You play the hand you’ve been dealt but that doesn’t mean you wish you had a full house. I’d love it if I didn’t have to deal with so many repressive laws and anti-porn rules. Indeed, it’s one of the reasons I only have two paysites; I’ve been forced to stay small because of the limitations I face, especially living where I do. I could have had a studio or stable of sites by now if the playing field had been level. So yes, I very much want to see changes to how porn is treated by the financial industry. But I’m pessimistic.

The root of the problem is the two credit card companies, Visa and Mastercard. All financial difficulties flow from them. They classify porn companies as “high risk” and require higher percentages of turnover and extra yearly fees, supposedly to make up for more chargebacks (people denying they made a charge, the bank then eats that cost) and fraud scrubbing. It doesn’t matter if I’m a good merchant who doesn’t rip people off and I have minimal chargebacks, I’m lumped in with the dodgy fraudsters simply because I’m in adult. All of the Paypal, Amazon, Vimeo VOD, Kickstarter, WePay crap flows from there. As does the various censorship bullshit of Facebook, Tumblr, Google and the rest.

Credit card transactions remain the core of online business and as long as Visa and Mastercard rule over that, nothing is going to change. They are the choke point that will stop any open-minded  startup in its tracks. And they aren’t going to listen to two-bit amateur pornographers like me. And, so far, they haven’t listened to Cindy Gallop either, though I hope that may change.

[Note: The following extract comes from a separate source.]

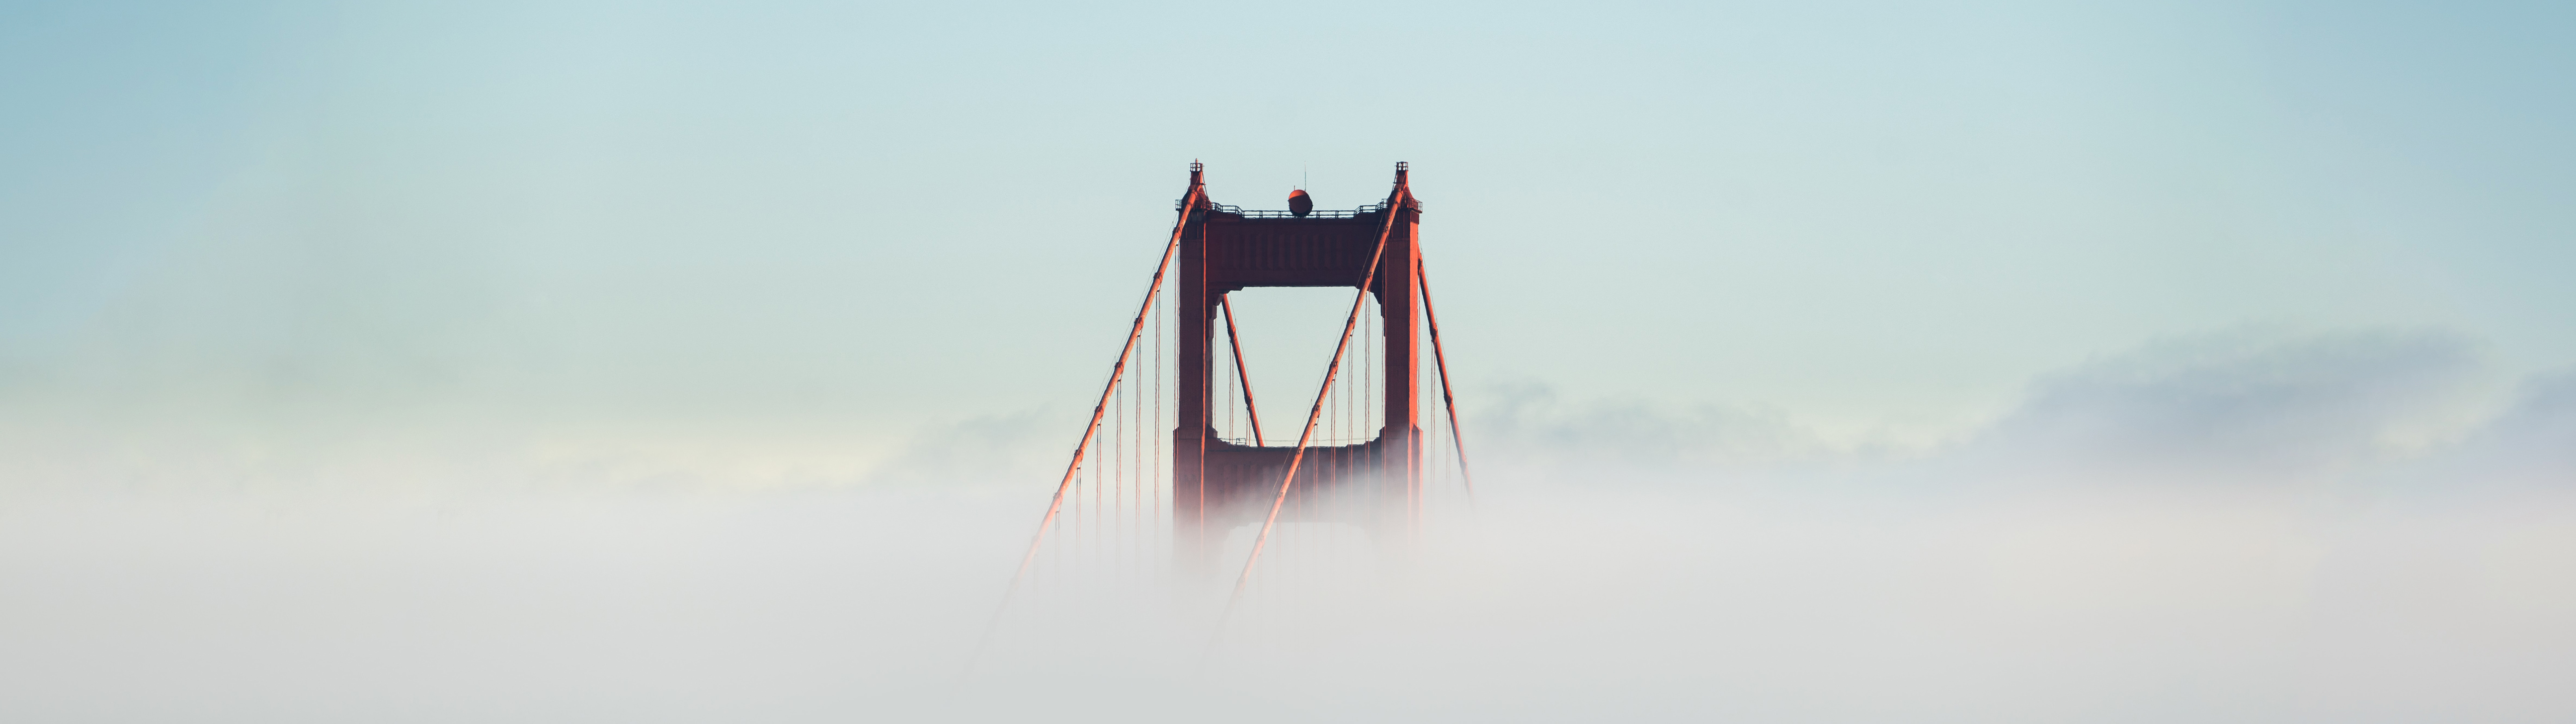 Ultrawide Clouds San Francisco Golden Gate Bridge 5120x1440

Is Bitcoin the answer? Maybe, maybe not. It’s not financially stable or backed by banks. I can’t accept it because I need a US bank account to convert it to real money. And even if I could do that… would it be worth the risk? I’ve already had a couple of billing companies sail off to the Caymans with my funds so it’s fair to say I’m a little risk-averse.

Am I being too doom-and-gloomy in this post? Am I actually proving Cindy’s point about accepting the status quo? I don’t think so. I don’t accept the situation happily. And I don’t believe I’m a lowlife who deserves to be treated this way. I simply put up with it because there’s no other option. I’m pragmatic about it.

So I think I just want to put the facts out there, the reality of how hard it can be to make porn, especially when you’re an indie producer. It doesn’t matter how high-minded your intentions are, the minute you create something sexual, you start to wear the scarlet letter. And it’s such a shame that even in 2014, that’s how it is.